The decision metric for each sound recording may be compared to a threshold value (which may be constant across all the sound recordings), and a rate estimate may be assigned to the sound recording in dependence on said comparison. If the decision metric exceeds the threshold value, the individual rate estimate may not be assigned to the respective sound recording and a different rate estimate may be assigned to the sound recording instead. In some embodiments, the different rate estimate may be the individual rate estimate with a highest quality measure across all of the sound recordings. Alternatively, the different rate estimate may be the aggregate rate estimate (e.g. determined over all the sound recordings, or over all the sound recordings other than the respective sound recording), or a non-weighted average of the individual rate estimates, such as the median or the mean.

In a set of embodiments, if the decision metric for a sound recording exceeds the threshold value and the quality measure of all the sound recordings is below a minimum value, an average (e.g. the median or the mode) of the individual rate estimates may be assigned to the sound recording (e.g. instead of the rate estimate from the highest quality recording).

The rate estimate assigned to each sound recording may then be used to segment the respective sound recording. For example, as discussed above, an assigned heart rate may be used to inform the process of splitting each heart beat into segments corresponding to diastole and systole phases.
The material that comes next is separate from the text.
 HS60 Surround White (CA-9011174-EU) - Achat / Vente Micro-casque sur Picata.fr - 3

In a set of embodiments, a decision metric for a sound recording is calculated using a respective confidence score for the sound recording, and/or a respective deviation score. The confidence score may depend at least in part on a confidence measure for the sound recording (e.g. as described above). The deviation score may be calculated as a function of an individual deviation value for the respective sound recording and a collective deviation value. An individual deviation value for a respective sound recording may be calculated as, or in dependence on, the difference between the individual rate estimate for the sound recording and the aggregate rate estimate. A collective deviation value for a respective sound recording may be calculated as the standard deviation of two or more of the individual rate estimates of the plurality of sound recordings. In particular, the collective deviation value for a sound recording may calculated as the standard deviation of all of the plurality of individual rate estimates apart from the individual rate estimate determined for the respective sound recording (e.g. o-_j as described below). Such a deviation score can help in detecting outliers — i.e. individual rate estimates that may be spurious — by identifying situations where an individual rate estimate for a sound recording differs significantly from the rates estimates of the other sound recordings and where those other sound recordings are all in close agreement with each other.
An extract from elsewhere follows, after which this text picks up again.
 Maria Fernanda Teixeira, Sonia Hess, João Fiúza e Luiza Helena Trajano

The confidence score for each sound recording may be calculated in dependence on a confidence measure for the respective sound recording, and on a highest individual confidence measure out of a plurality of individual confidence measures calculated for the plurality of sound recordings. For example, the confidence score may depend on an individual confidence measure normalised by the highest confidence measure across all of the sound recordings. It may be calculated as a weighted or non-weighted linear combination of the confidence measure for the sound recording and such a relative confidence measure. The apparatus may further comprise an electronic stethoscope for generating the plurality of sound recordings of the heart or respiratory system of the human or animal body. The electronic stethoscope may be integral with the processing system (e.g. in a common housing), or the apparatus may comprise or be configured to provide a wired or wireless connection from an output of the electronic stethoscope to an input of the processing system.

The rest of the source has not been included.